Thomas Geoghegan is a practicing attorney in Chicago and staunch defender of the American labor movement. He has written six books on labor unions, law and politics. In 2009 he unsuccessfully sought the Democratic nomination for the congressional seat vacate by Rahm Emanuel. Only One Thing Can Save us: Why America Needs a New Kind of Labor Movement is Geoghegan’s “State of Labor” rejoinder to those in government who view labor and workers as the reason for our economic doldrums. He argues that as organized labor struggles to remain viable it needs to be revived in order to stabilize our economy and save the rapidly disappearing middle class.

Geoghegan maintains that we need vibrant unions because we need higher wages. Those at the bottom of the economic ladder do not have sufficient purchasing power to stimulate aggregate demand. Interestingly, Rauner’s proposed solution to this problem is to raise the minimum wage by the magnificent sum of 25 cents an hour each year for the next seven years. That would raise income at the bottom level $520 a year. Rauner takes in roughly $51,000 an hour. As Geoghegan observes, the top 1 percent simply have too much income and cannot spend enough to stimulate demand and create jobs. Regardless of what you call it, income inequality is a continuing drag on our economic future.

To his credit, Rauner recognizes that Illinois needs to improve education and that improvement requires money. But the devil of course remains in the details and money is but one element of improving education. Geoghegan advocates union-based vocational education. This would improve working conditions and wages in a far more substantial way than worthless college degrees from online institutions that lead to minimum-wage jobs and staggering student loan debt. We need a labor movement to provide the education that the current education system cannot provide.

Rauner has proposed right-to-work zones in Illinois as part of his economic revitalization plan.

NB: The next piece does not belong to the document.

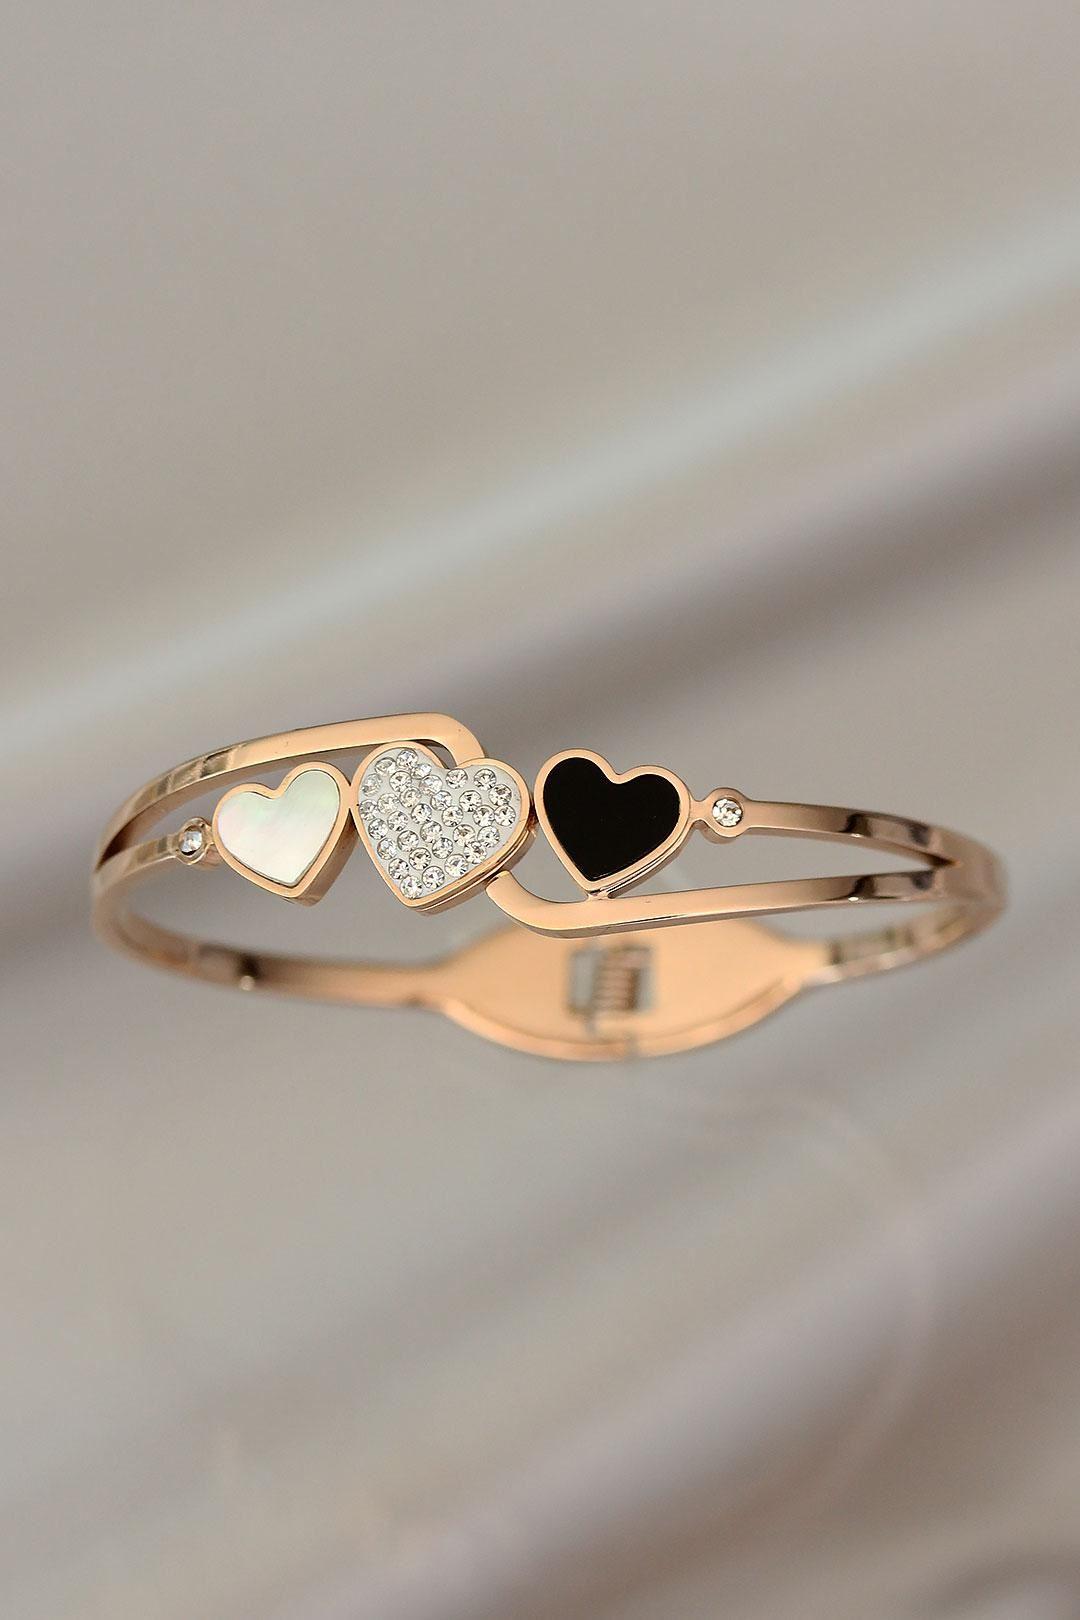 Kalp Tasarımlı Zirkon Taşlı Rose Renk Çelik Bilezik

Of course this is step one in making Illinois a right-to-work state, an unlikely occurrence given Illinois’ current political climate. Geoghegan recognizes that labor is fighting a losing battle against a proliferation of right-to-work laws. His solution would be recognition of a new constitutional civil right, the right to join a union. Under Geoghegan’s plan, recognition of the civil rights protection of union membership opens up a vast remedy of new legal rights, including access to federal courts and the potential under the law for the award of legal fees to unions. Given the current political landscape in America, this idea is simply a nonstarter. Still, Illinois with a legislature under the control of a labor-sympathetic majority will be an interesting laboratory in which to test the right-to-work proposals of Bruce Rauner.

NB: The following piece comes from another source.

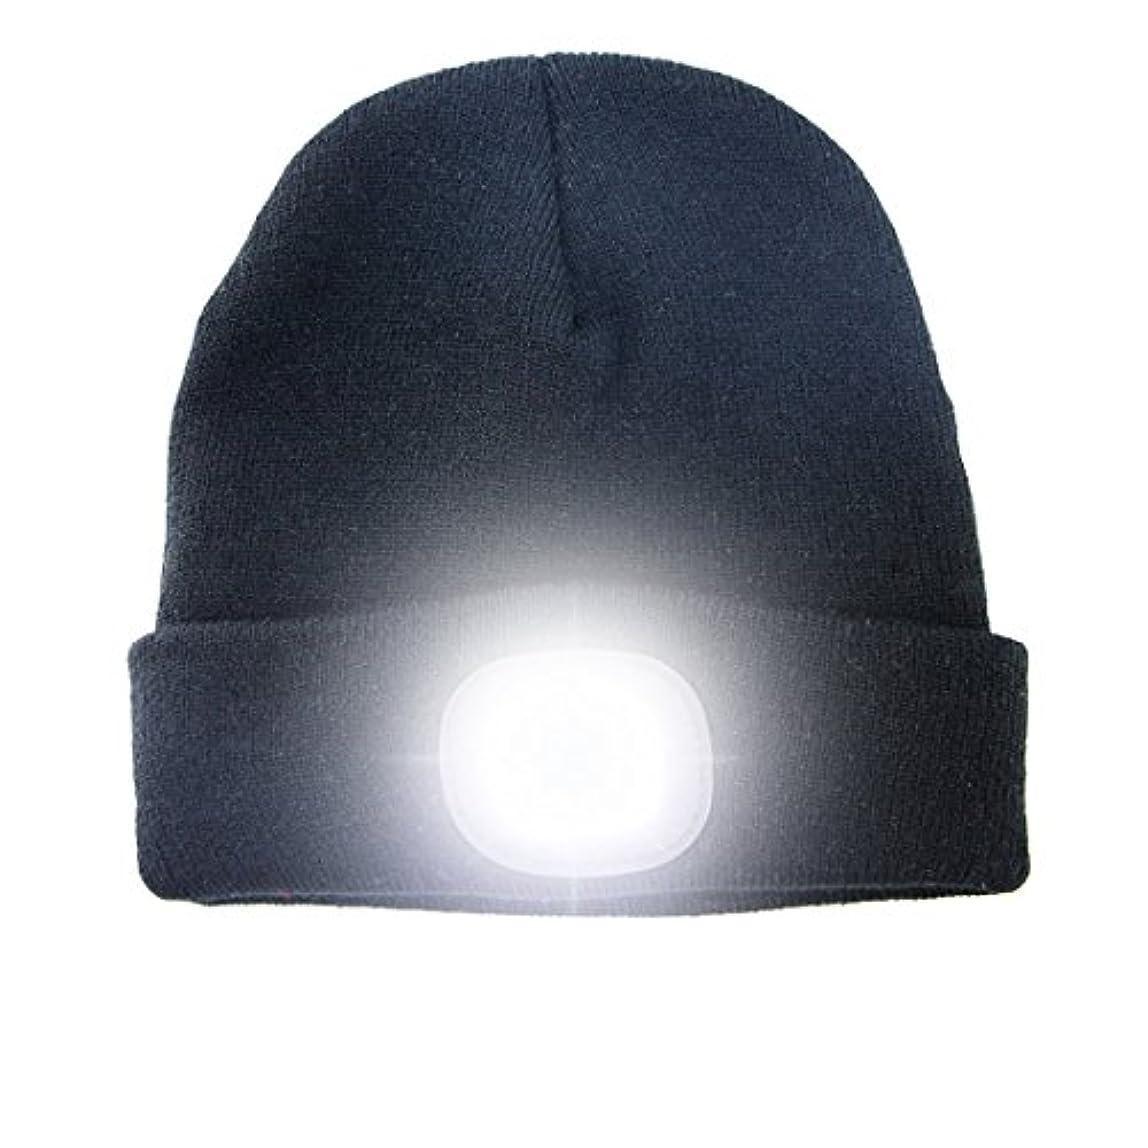 やろう征服する不均一LLY 男女兼用 暖かい明るいLED照明付きビーニー帽 ヘッドランプ 充電式冬用暖かいニット帽 男性、女性、狩猟、キャンプ、グリル用

As Rich Miller, another contributor to the pages of Illinois Times, recently noted, “The long game on unions has come to Illinois.” The minefield through the legislature is not as favorable for Bruce Rauner as for Republican governors with majority legislatures in Wisconsin, Michigan and Indiana. The battle is joined. Only One Thing Can Save Us comes at an important moment in the political debate. Our nation and our state need a strong labor movement. Hopefully, even Bruce Rauner recognizes that need. Over the coming legislative session it will be interesting to see how that struggle plays out.

Stuart Shiffman served 22 years as a judge in Illinois. He is currently of counsel to Feldman-Wasser in Springfield, and serves as an adjunct professor in the political science and legal studies department at Illinois State University.